Problem statement: In the entries below, identify every line with the string "public" and copy it.

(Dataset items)
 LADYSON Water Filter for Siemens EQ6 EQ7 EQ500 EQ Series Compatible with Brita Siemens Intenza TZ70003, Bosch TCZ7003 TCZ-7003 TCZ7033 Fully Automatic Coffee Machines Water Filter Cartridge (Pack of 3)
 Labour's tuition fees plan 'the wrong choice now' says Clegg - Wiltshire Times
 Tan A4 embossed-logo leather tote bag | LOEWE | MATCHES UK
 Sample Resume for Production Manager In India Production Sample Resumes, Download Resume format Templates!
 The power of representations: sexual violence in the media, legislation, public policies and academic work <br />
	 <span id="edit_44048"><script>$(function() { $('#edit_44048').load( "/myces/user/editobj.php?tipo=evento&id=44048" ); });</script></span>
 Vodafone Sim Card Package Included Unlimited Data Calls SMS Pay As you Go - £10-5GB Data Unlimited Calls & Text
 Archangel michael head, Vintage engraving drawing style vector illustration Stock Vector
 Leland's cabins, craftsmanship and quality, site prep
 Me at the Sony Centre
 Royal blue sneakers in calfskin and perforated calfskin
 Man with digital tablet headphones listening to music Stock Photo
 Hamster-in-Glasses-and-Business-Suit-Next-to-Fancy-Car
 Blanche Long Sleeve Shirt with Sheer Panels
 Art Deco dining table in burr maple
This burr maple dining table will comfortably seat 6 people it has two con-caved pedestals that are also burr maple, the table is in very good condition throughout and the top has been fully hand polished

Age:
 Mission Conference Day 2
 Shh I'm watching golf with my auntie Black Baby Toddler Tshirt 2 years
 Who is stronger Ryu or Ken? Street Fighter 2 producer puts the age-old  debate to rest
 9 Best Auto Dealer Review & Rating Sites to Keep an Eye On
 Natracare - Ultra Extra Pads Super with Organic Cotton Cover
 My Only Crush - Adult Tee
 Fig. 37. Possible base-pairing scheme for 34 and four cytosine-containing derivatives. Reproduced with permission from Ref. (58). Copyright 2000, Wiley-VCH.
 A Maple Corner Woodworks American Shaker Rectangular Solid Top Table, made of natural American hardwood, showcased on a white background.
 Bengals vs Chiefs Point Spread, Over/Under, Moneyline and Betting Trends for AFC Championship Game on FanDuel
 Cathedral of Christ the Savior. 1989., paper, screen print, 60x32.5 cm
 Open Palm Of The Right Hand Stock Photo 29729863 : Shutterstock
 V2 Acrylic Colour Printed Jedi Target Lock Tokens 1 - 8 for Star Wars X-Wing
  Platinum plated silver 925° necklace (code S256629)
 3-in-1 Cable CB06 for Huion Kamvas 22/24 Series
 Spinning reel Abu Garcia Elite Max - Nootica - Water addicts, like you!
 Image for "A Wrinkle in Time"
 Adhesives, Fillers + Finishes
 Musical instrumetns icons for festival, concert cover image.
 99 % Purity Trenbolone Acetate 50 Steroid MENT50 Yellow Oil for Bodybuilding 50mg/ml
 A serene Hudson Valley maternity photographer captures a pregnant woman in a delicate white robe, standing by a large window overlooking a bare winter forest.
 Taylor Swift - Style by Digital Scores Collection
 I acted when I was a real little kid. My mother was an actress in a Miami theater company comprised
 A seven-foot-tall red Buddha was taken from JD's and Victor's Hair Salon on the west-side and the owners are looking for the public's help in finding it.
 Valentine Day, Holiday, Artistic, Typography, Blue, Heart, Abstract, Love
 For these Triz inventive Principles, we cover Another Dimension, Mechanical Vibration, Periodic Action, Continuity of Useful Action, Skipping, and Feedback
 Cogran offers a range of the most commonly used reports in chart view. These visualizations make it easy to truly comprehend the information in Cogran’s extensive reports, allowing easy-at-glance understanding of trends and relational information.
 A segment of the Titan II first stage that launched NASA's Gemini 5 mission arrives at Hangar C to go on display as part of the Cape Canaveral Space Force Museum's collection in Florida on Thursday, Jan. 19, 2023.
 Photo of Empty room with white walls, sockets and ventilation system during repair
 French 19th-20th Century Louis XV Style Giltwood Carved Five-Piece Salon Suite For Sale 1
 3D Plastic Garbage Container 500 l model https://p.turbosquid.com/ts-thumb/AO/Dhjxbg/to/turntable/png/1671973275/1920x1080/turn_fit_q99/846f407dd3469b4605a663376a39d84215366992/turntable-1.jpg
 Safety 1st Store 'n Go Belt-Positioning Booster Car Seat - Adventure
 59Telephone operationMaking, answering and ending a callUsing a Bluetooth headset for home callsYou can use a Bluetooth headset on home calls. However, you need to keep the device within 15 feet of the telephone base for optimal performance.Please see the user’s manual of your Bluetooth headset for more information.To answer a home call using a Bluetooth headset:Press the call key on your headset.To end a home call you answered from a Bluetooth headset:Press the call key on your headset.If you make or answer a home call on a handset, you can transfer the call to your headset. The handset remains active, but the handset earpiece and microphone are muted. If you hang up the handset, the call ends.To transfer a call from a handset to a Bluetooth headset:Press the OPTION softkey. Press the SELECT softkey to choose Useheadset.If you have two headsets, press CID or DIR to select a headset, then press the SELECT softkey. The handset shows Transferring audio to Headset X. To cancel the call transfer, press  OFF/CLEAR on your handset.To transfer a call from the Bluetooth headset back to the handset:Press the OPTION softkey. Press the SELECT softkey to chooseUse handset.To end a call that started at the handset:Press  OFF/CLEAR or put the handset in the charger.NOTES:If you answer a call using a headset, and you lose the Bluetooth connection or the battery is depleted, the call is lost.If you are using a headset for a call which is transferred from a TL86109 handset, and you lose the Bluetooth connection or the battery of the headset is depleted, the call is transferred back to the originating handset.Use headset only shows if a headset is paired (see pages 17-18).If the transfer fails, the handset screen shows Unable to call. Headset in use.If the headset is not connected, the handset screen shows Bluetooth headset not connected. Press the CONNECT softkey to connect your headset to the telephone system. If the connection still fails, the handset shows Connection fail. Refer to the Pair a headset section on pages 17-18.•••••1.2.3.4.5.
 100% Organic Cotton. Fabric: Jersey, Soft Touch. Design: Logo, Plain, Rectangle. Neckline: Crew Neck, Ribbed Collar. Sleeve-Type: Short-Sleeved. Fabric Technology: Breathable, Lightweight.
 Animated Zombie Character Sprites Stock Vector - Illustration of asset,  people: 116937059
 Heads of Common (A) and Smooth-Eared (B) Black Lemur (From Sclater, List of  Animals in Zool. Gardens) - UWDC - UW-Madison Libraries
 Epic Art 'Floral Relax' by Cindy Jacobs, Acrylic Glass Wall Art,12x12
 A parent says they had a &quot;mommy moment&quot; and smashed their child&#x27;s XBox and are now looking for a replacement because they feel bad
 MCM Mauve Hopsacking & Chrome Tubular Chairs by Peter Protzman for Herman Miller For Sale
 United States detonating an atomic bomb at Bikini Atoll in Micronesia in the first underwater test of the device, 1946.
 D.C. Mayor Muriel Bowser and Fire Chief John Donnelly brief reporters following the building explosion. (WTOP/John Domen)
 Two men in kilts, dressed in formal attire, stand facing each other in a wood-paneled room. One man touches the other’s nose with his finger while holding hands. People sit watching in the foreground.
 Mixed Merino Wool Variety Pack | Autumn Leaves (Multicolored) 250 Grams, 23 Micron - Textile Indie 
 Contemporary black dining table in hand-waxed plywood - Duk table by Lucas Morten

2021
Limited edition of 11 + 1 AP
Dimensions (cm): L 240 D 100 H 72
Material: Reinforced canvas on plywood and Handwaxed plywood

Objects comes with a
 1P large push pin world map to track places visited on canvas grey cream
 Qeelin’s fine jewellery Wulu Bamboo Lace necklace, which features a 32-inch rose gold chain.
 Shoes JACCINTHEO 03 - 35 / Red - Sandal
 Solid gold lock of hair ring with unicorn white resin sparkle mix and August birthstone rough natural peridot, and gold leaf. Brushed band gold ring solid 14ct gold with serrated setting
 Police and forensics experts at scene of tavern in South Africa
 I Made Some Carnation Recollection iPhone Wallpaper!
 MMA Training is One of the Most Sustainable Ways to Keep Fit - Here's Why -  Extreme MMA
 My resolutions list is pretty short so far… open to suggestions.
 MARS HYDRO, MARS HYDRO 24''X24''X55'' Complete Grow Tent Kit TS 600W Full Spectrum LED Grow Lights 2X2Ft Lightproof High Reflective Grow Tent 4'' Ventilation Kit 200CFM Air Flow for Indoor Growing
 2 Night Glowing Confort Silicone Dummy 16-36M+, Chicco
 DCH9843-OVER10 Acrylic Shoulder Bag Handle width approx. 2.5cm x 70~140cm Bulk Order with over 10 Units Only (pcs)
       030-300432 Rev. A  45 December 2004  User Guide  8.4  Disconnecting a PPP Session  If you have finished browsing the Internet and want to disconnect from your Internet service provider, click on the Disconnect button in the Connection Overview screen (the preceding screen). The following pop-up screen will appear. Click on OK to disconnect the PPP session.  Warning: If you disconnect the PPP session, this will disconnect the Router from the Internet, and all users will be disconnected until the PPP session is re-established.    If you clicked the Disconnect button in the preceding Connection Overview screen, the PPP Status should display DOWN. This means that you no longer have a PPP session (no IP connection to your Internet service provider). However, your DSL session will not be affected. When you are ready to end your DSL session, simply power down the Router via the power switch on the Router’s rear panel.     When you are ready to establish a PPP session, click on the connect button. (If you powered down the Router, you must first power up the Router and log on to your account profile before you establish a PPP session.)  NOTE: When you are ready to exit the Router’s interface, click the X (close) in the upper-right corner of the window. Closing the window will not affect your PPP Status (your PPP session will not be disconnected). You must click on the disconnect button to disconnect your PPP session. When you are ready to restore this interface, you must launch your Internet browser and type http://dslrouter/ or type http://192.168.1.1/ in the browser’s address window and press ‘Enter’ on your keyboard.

Answer:
 The power of representations: sexual violence in the media, legislation, public policies and academic work <br />
 A seven-foot-tall red Buddha was taken from JD's and Victor's Hair Salon on the west-side and the owners are looking for the public's help in finding it.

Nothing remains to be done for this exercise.